Example: 1 Node, 1x RTX6000 Eval

export CONFIG=configs/samudra_om4/eval.yaml
export NAME_SUFFIX=om4_samudra_baseline_eval
export TARGET_CHECKPOINT=2026-02-22-om4_samudra_baseline/saved_nets/ema_ckpt.pt
# Optional overrides (defaults are /scratch/$USER/data/om4_onedeg_v3 and /scratch/$USER/runs)
# export DATA_ROOT=/scratch/$USER/data/om4_onedeg_v3
# export OUTPUT_BASE=/scratch/$USER/runs
# export WANDB_MODE=online
# export WANDB_API_KEY=...

# Container selection (pick one)
export CONTAINER_HASH=<git_sha>
# export CONTAINER_TAG=25.11-manual-<branch>
# export IMAGE_REF=ghcr.io/<owner>/ocean-emulator-physicsnemo:25.11-<git_sha>

sbatch \
  --account=torch_pr_347_courant \
  --partition=rtx6000_lzanna \
  --nodes=1 \
  --ntasks-per-node=1 \
  --cpus-per-task=8 \
  --mem=128GB \
  --gres=gpu:rtx6000:1 \
  --time=04:00:00 \
  scripts/slurm_apptainer_eval.sbatch

NCCL Gotcha On RTX6000 Nodes

On Torch RTX6000 nodes we observed NCCL hangs for 8-GPU single-node training unless P2P is disabled.

Recommended env vars:

export NCCL_P2P_DISABLE=1
export TORCH_NCCL_ASYNC_ERROR_HANDLING=1

Symptom without the above:

  • job prints distributed init ... world_size 8 and then stalls
  • GPUs show high utilization but low memory usage
  • eventually you may see an NCCL watchdog timeout

Apptainer Caching / Pulling

By default the harness will cache pulled SIFs in SIF_DIR, which defaults to ${REPO_DIR}/.apptainer-images. using a unqiue name based on the container you've specified.

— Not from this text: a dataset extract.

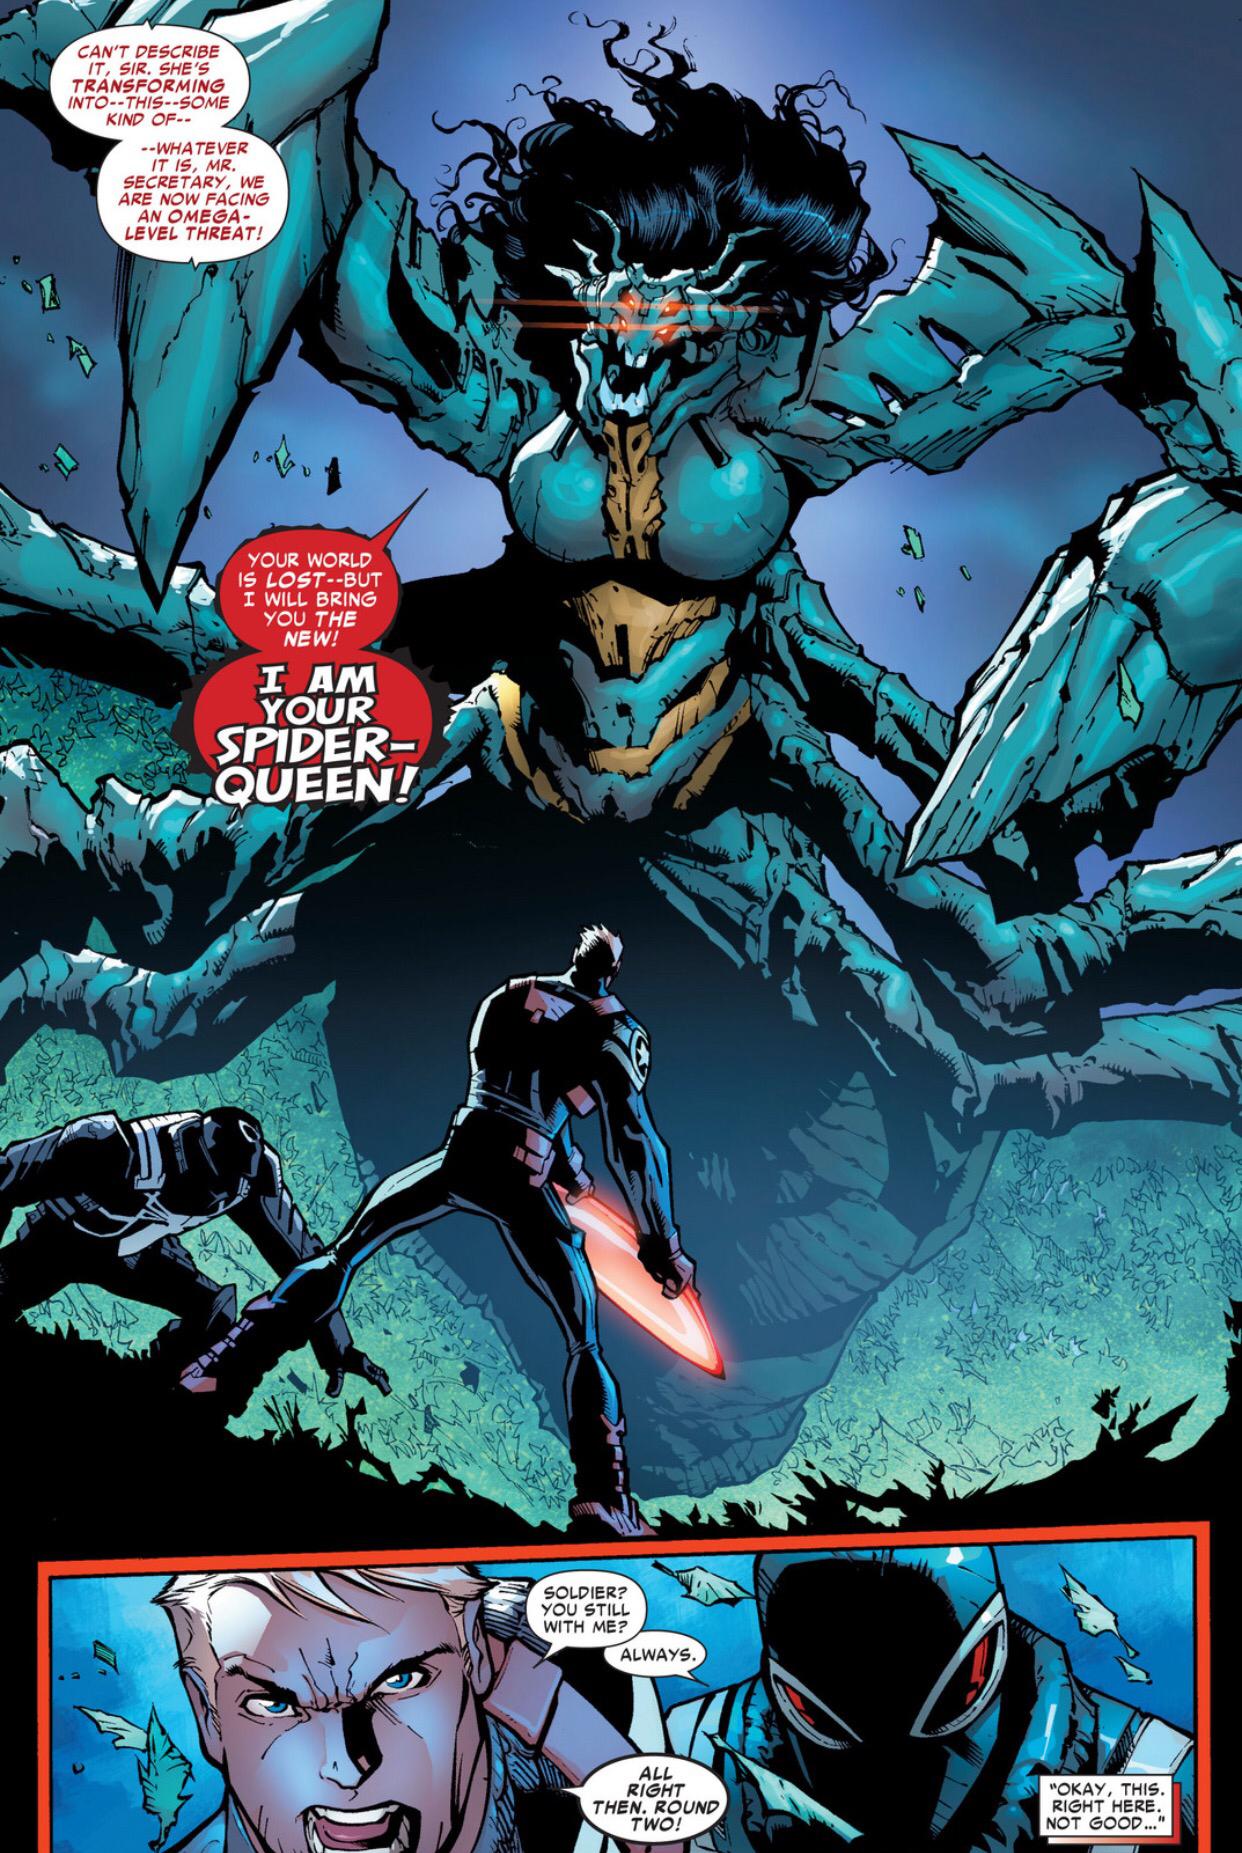 marvel comics top 5 killer queens

You can also point it directly to a SIF_PATH. If the SIF_PATH does not exist, the harness will pull your specified container from GHCR to that path.

Private GHCR Images

If the image is private, set:

export GHCR_USERNAME=...
export GHCR_TOKEN=...

The harness maps these to the environment variables Apptainer uses for registry auth.